Патрик с трудом сглотнул.
— То есть, даже без детей, ты бы стал заниматься такими вещами в тридцать пять?
— Я…
Патрик запнулся и закашлялся.
— Должно быть, это неловкий вопрос? Извини. Знаю, мы даже не знакомы. Я просто пытаюсь разобраться в этом для себя. Пытаюсь понять.
Патрик залился краской от смущения.
— Я просто не знаю, что такое «раскаленные ножи», — Патрик представил циркача, жонглирующего накаленными докрасна лезвиями.
Клэр вздохнула.
— Вот именно, — она легонько похлопала Патрика по руке. — Как раз это я и имела в виду.
Патрик не понимал, о чем идет речь, хотя — судя по голосу Клэр — все было неплохо.
— Я тоже не знала, что такое «раскаленные ножи», пока не повстречала Мэтта с его придурковатыми дружками, — Клэр сделала большой глоток вина.
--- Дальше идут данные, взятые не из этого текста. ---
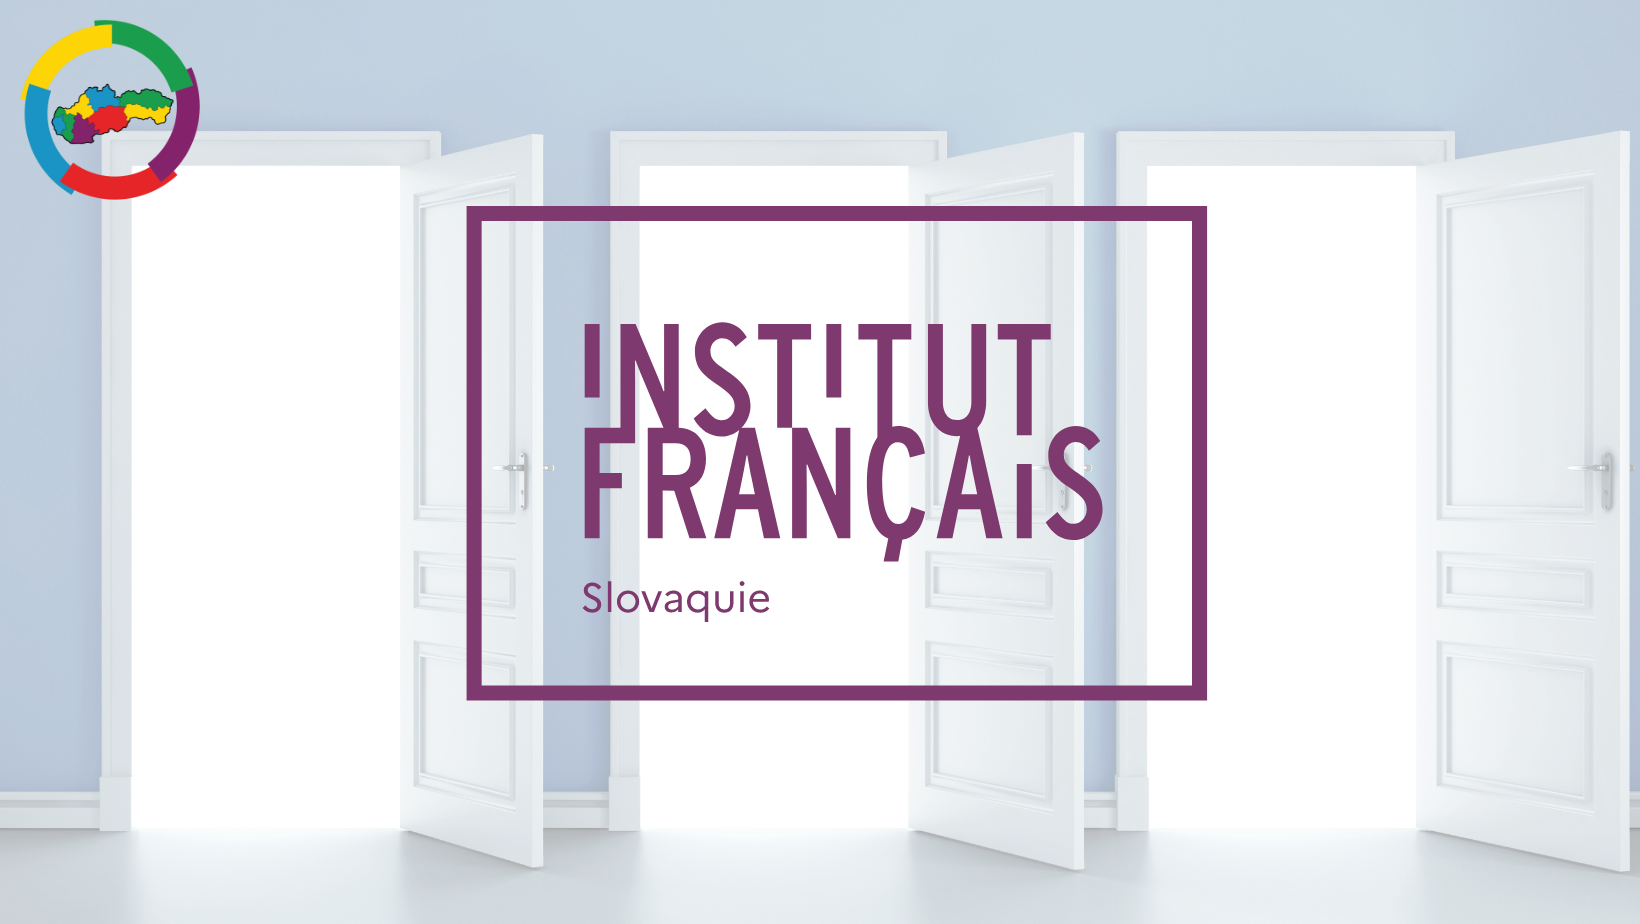 Deň otvorených dverí vo Francúzskom inštitúte

Жар сошел с лица Патрика, но сердце по-прежнему колотилось:
— Мне нужно знать, что это? Расскажешь?
— Нет, это совершенно не важно. Мэтт прихвастнул, что раздобыл немного черной, — сказала она, и Патрик окончательно потерял нить разговора, — а сейчас, очевидно, это большая редкость, так что они решили устроить себе праздник и делают «раскаленные ножи», — Клэр почесала подбородок. — Да, детки, наркотики — это зло. Особенно когда их принимают отцы, которым далеко за тридцать. Это не круто, это жалко.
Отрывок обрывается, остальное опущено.